A-time is that magic 1% that generates 50% of your results–for a relative value of 200 times that of D-time.
ALL TIME IS NOT EQUAL
No, this is not an exact science, nor do most people’s activities break down this way automatically. But it does offer a valuable guide to aim for, and it’s a more concrete reminder of the idea that the Pareto principle suggests more generally: All time is not equally valuable. Three hours of your best time on Tuesday may produce a far greater return than 30 hours spent on the low-value tasks you polished off on Monday, Wednesday, and Thursday.

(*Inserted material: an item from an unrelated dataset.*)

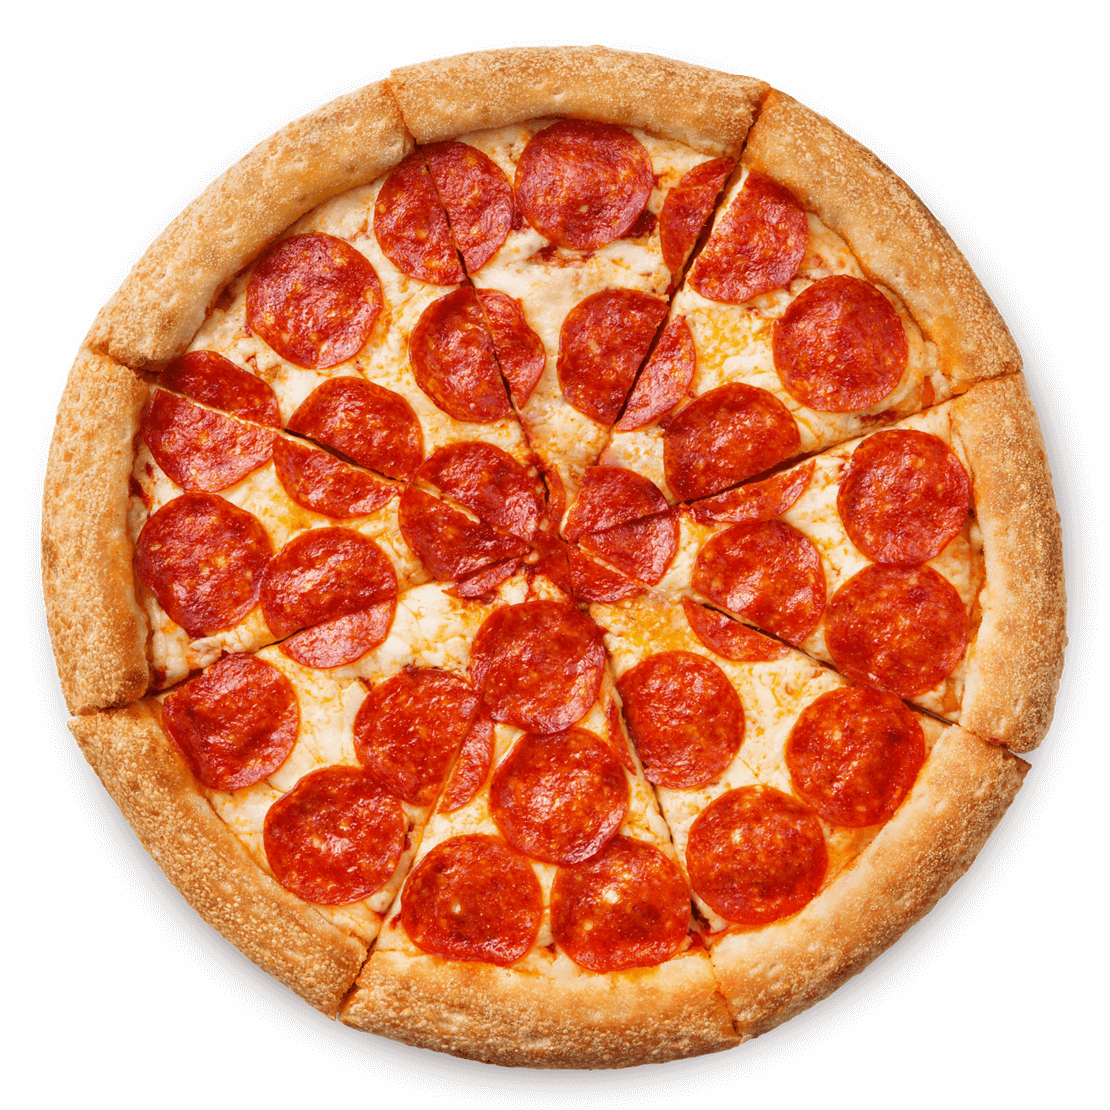 состав пиццы пепперони в домашних условиях фото 63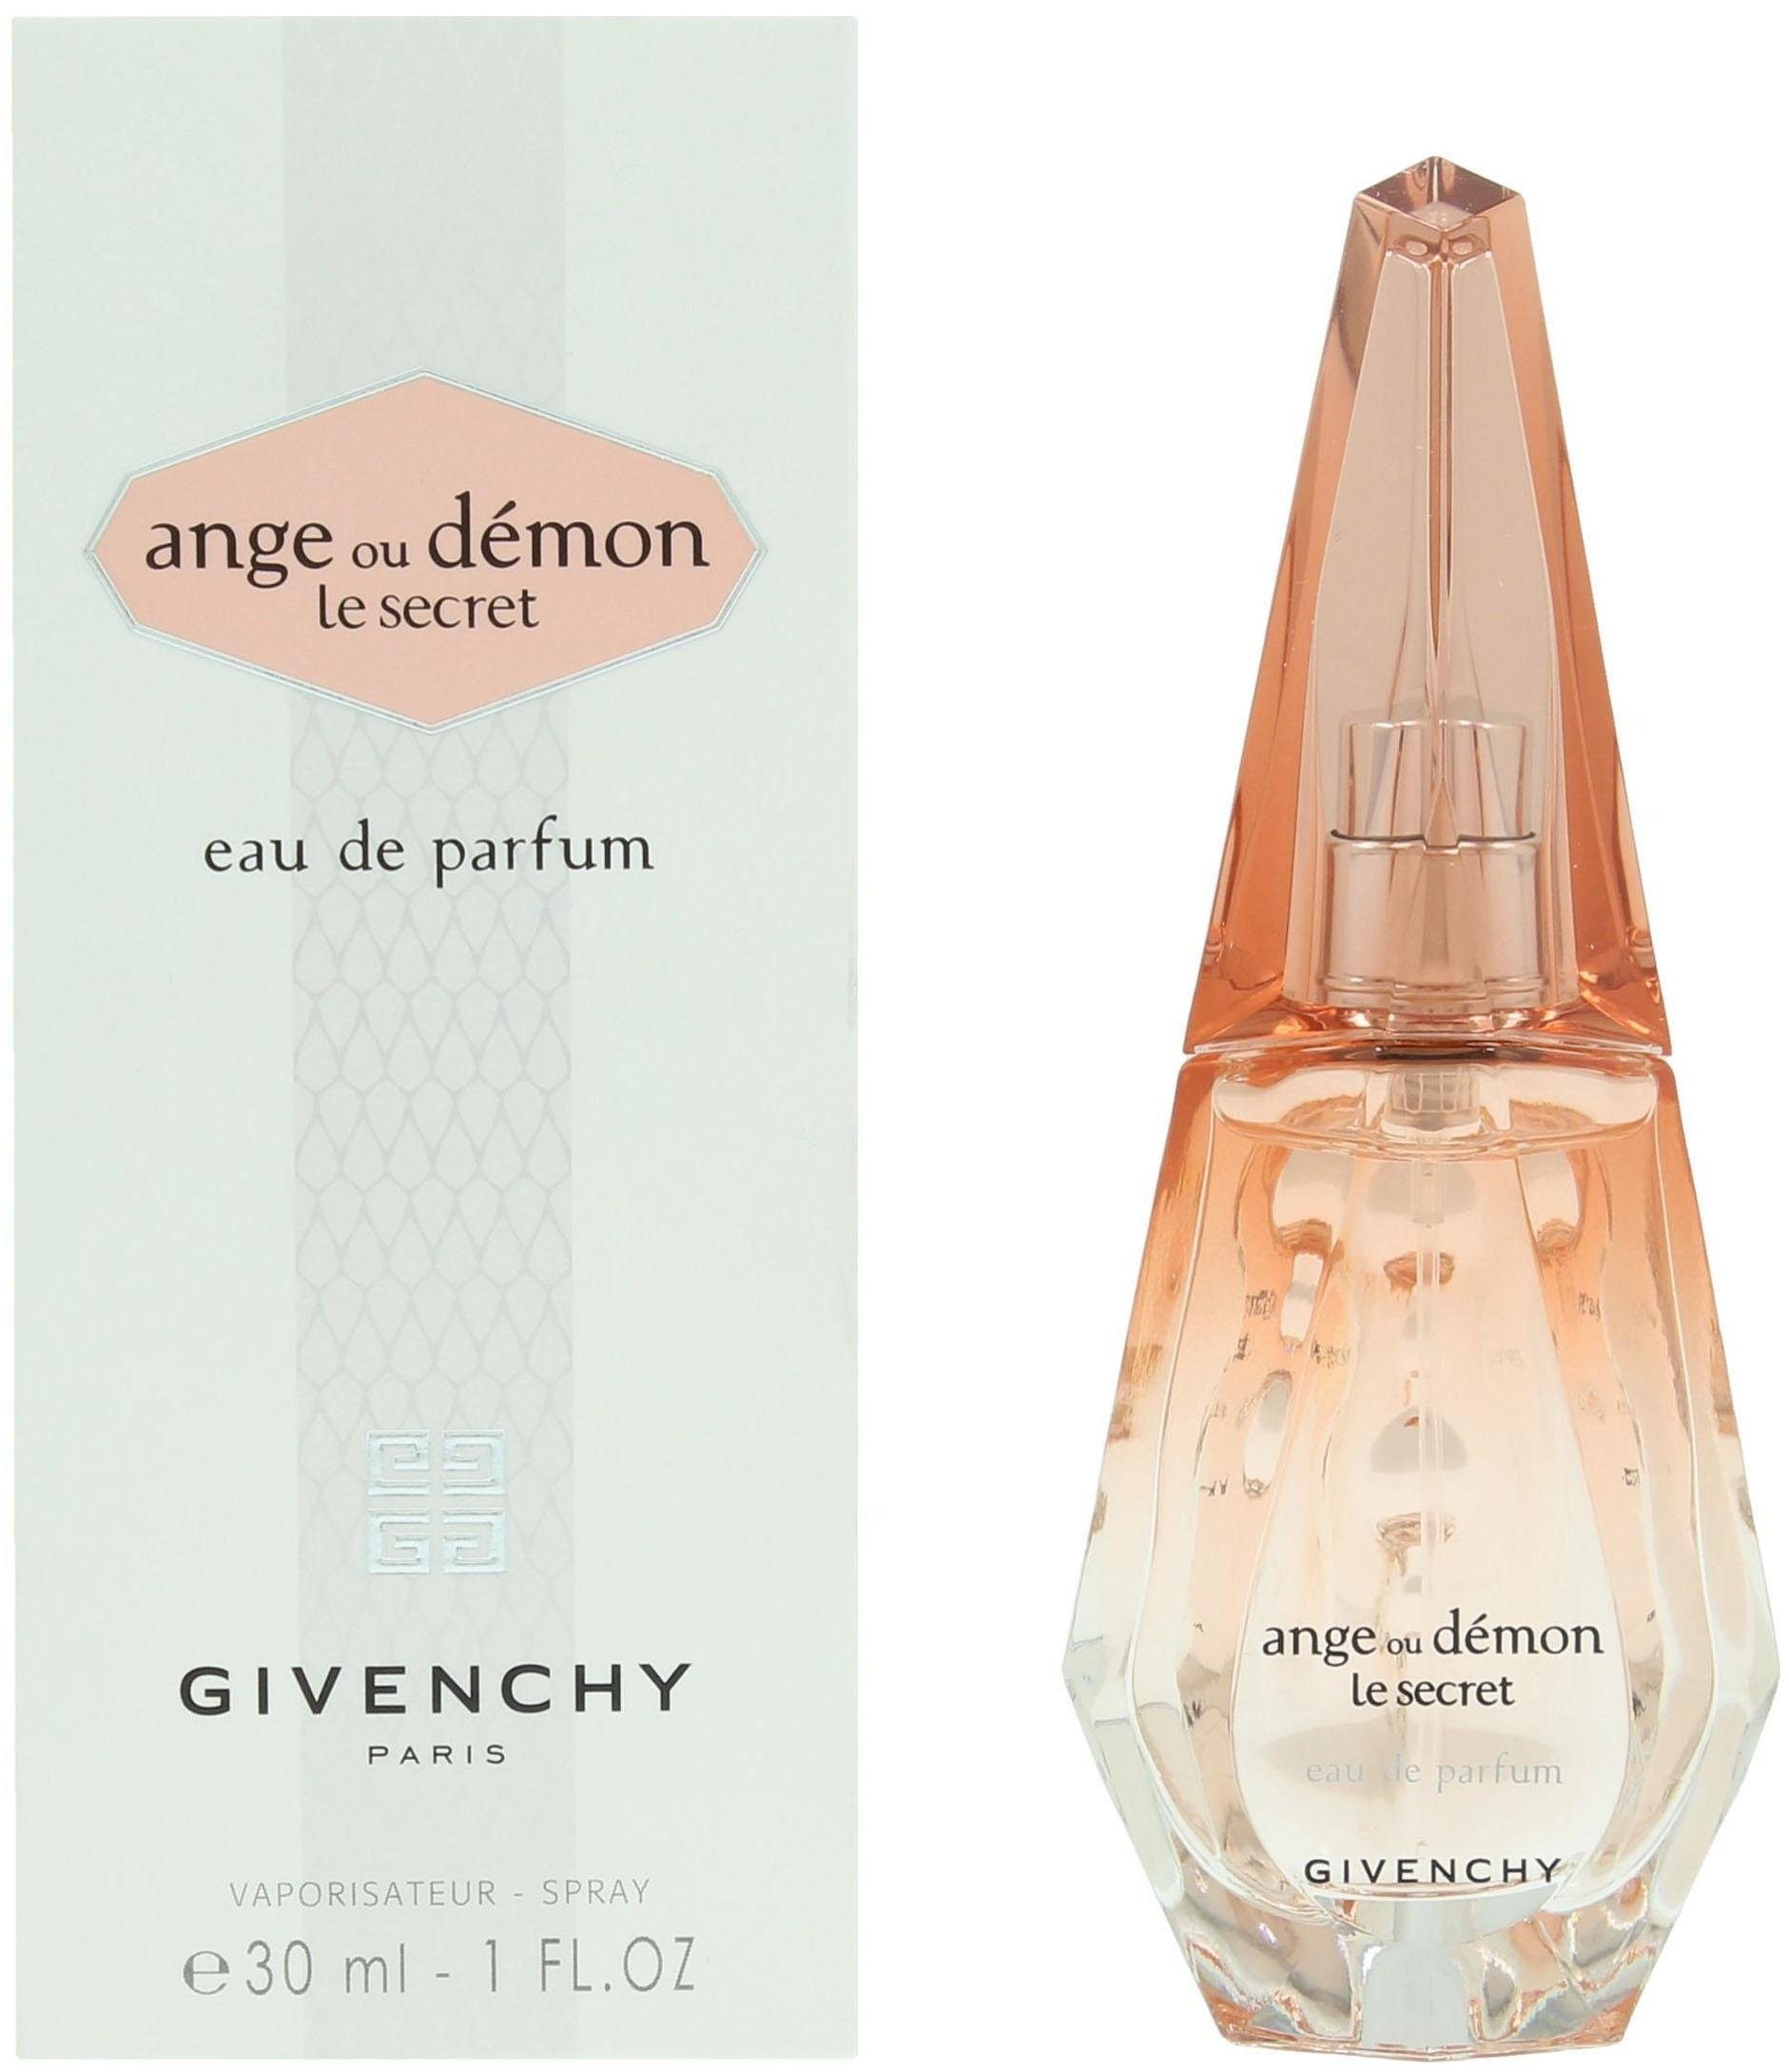 GIVENCHY Eau de Parfum Ange Le Demon Secret Ou

While C-time (the 20 in the 80/20 rule) can provide you with a great income, you’ll still always have to work exceptionally hard to earn it. And this is the trap that lots of professionals fall into. They try to increase their earnings by cranking out more high-value hours, which usually just leads to more hours overall, even if it also means to more total value. But more hours will only take you so far! The answer lies in A- and B-time.
For me personally, coaching clients–something I do two half-days a week–is C-time. Sure, these eight hours may generate hundreds of thousands of dollars in annual revenue, but I create many times that economic value with my A- and B-time. And I’ve found that my B-time includes giving industry keynotes to large audiences filled with prospective clients, writing books, or developing company systems and staff.
These activities take up much less space in an average workweek but produce proportionately much more value. And my A-time activities include making high-level strategic decisions, cultivating key relationships, and developing my leadership team. I could look back at an ordinary workweek and find that I spent only 30 or so minutes doing one of those things and still know that that’s enough.
Generally, your C activities are the things that help you produce, while your A and B activities are usually often things that bring new, profitable business through the door. They’re the strategic decisions that impact where the company (and you!) invests its limited energies and spend time developing the capabilities that keep it competitive.
Lumping all of these activities together into an undifferentiated 20% segment won’t help you manage the time you actually spend on them. But a little back-of-the-envelope math just might.
David Finkel is coauthor of the best-selling Scale: 7 Proven Principles to Grow Your Business and Get Your Life Back.